His daughter Lynn says, “Naturally this came as a huge shock to a man who had been very independent since the passing of our mother, Mata 30 years prior.”
During the recovery period in Auckland, he endured five rigorous months of physiotherapy and rehabilitation in order for to have a prosthetic leg fitted.
“It was his wish to return to Rarotonga as soon as he could, and he was determined he would walk again,” says Lynn.
Priest returned to Rarotonga in May 2017 with his prosthetic leg.
“However his sense of achievement and joy at being back home was short-lived,” said Lynn.
Unfortunately, after six weeks of being home, Priest experienced the same symptoms with his remaining leg.
“Once again we returned to New Zealand hoping that modern medicine would allow his second limb to be spared.”
Sadly, it wasn't to be, and his second leg was amputated in September 2017.
Priest endured the same rehabilitation procedures to attain a definite level of fitness, before he could return home.
Settling back into life, confined to a wheelchair, he kept himself busy, spending many hours reading and writing.
Priest was usually occupied on some project such as creating his own calendars from his collection of photographs, or birthday and Christmas cards that he would send to about 50 friends and family worldwide each year.
His day always started by completing the crossword in the local paper, then move on to his many volumes of more complex code cracker crosswords.
“He was always challenging his mental ability, which remained intact and sharp, right up to the time of his passing,’ says Lynn.
“The highlight of his day was to finish off with a visit to the Fishing Club, where he would enjoy the company of old friends while sipping on a beer or two at his favourite table on the top deck.”
Priest befriended new visitors to the club, many of which became lifelong friends.
Lynn says “there was never a dull moment” with her dad.
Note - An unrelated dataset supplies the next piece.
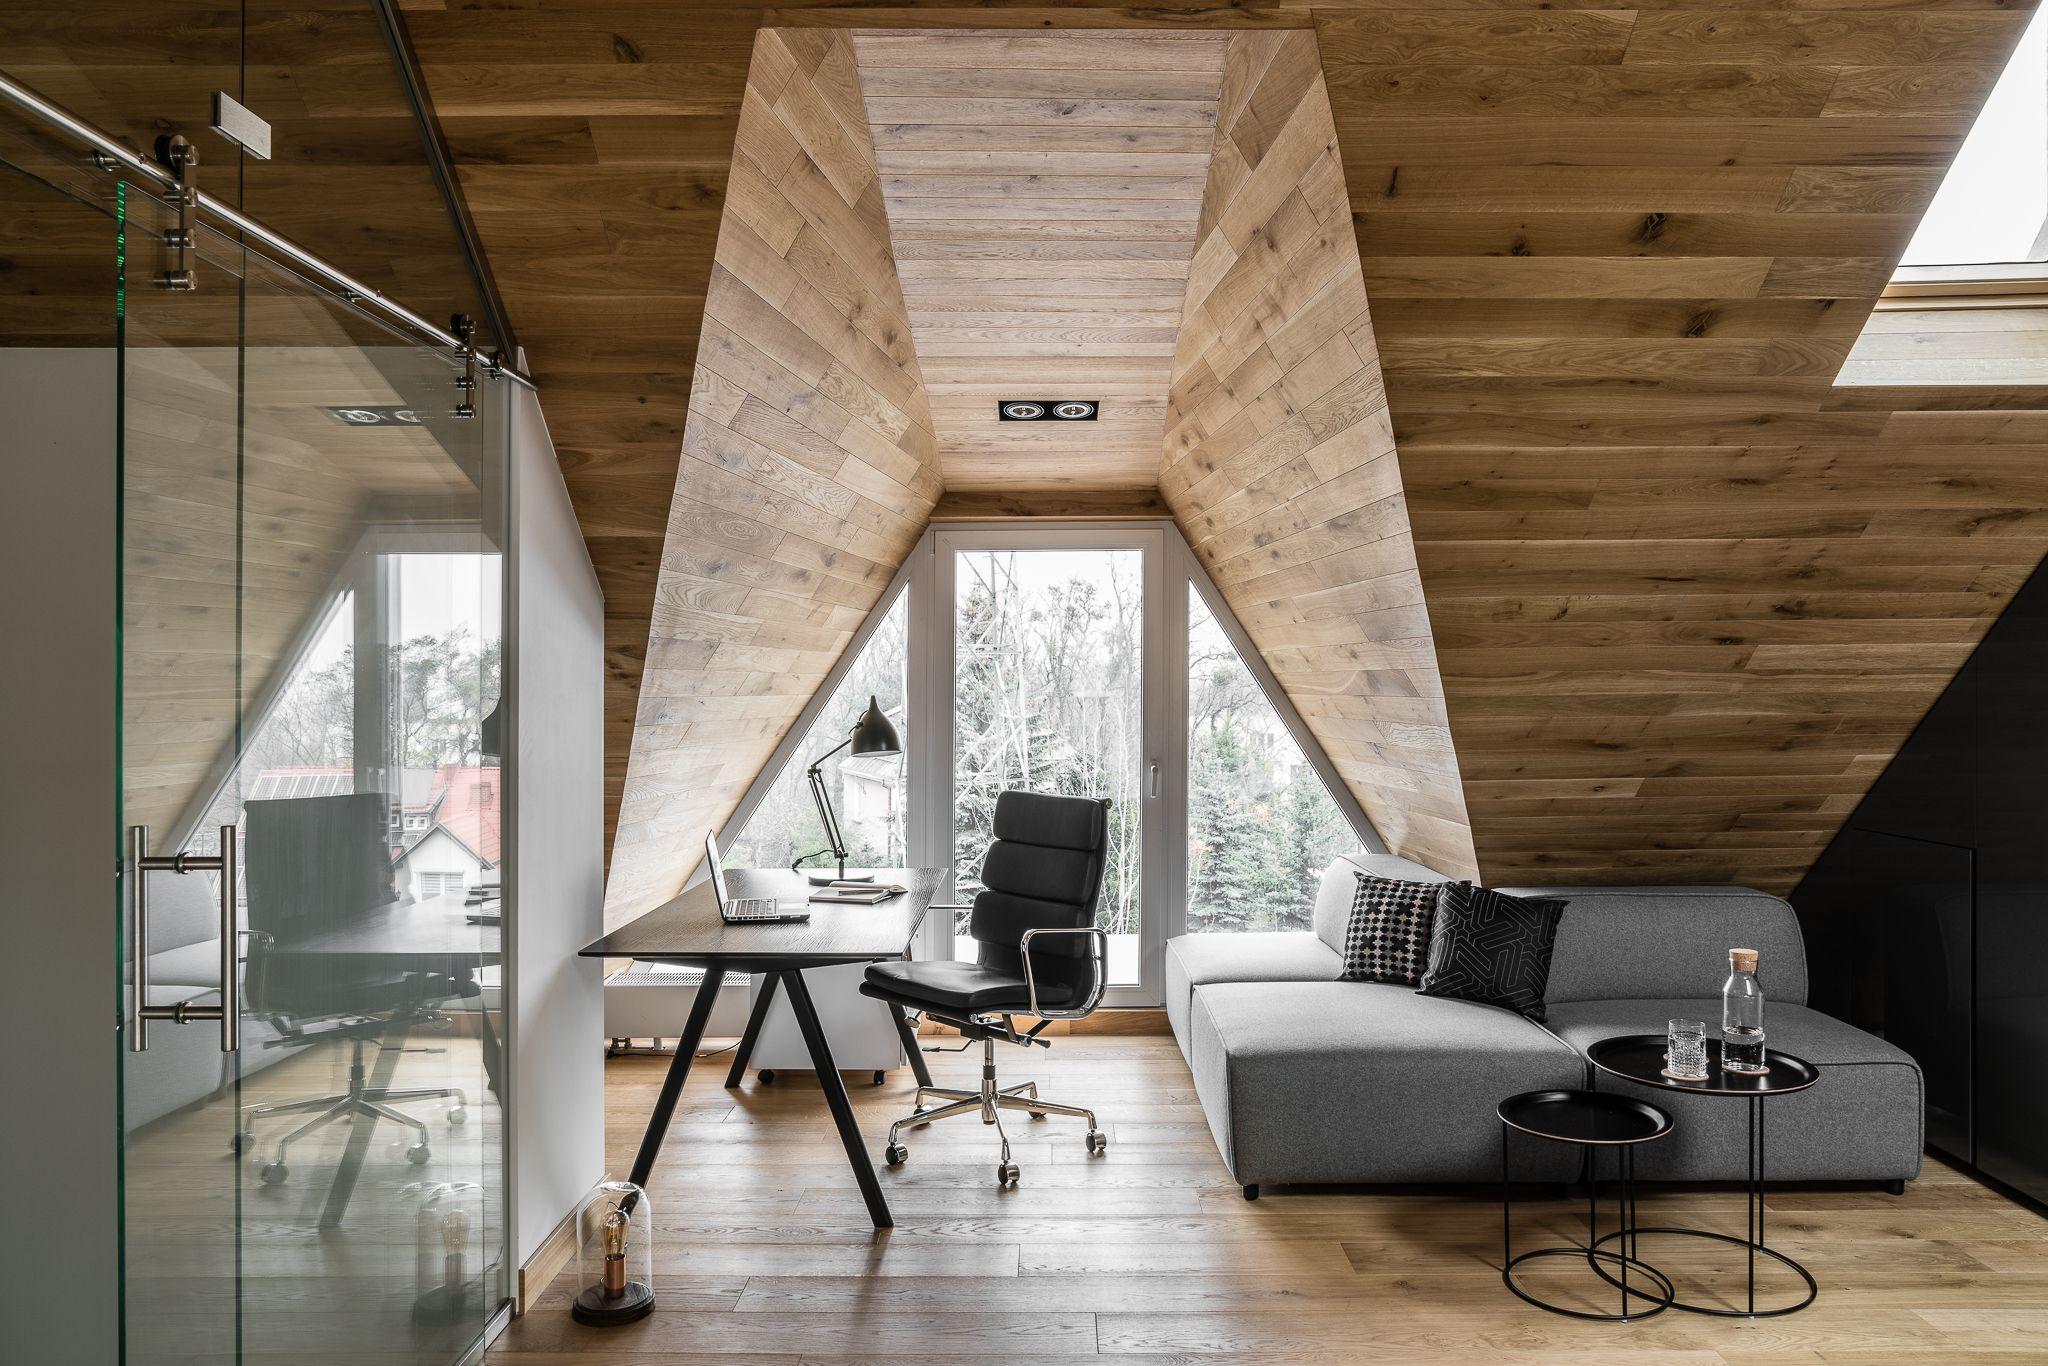 Carmo sofa work space bedroom BoConcept Trójmiasto Realizacja ...

“He was a great conversationalist, passionate about music, art, sport (particularly rugby - he never missed an All Blacks match), literature and current affairs.
“His music room at his home is a testament to that and holds many treasured pieces acquired or created over the years.”
Priest’s own artworks adorn these walls; his baby grand piano and musical DVDs, provided him and his friends with many happy hours of entertainment during regular “soirées” which he held.
His shelves hold hundreds of carefully catalogued musical compilations that he pieced together on tape cassettes and compact discs (CDs) before the days of musical DVDs.
An impressive collection of heavy, thick, beautifully bound reference books and dictionaries also feature on the shelves.
“Although now almost obsolete thanks to "Mr Google", he would still refer to the books as a matter of habit, if not to complete a crossword, then to compose a piece of writing,” says Lynn.
Carer Mark came into his life two years ago following Priest’s heart attack.
Despite Priest’s reluctance at having a caregiver share his “space”, he and Mark soon became firm friends.
“Mark is a caring and devoted caregiver, and our father received the best care and attention anyone could wish for,” says Lynn.
“Dad was able to live out, and enjoy his life to the fullest.”
Priest passed away at Rarotonga hospital on September 5 aged 84; he is buried at Vaiimanga beside his wife Mata.
His children Grant and Lynn continue to reside on Rarotonga with their families.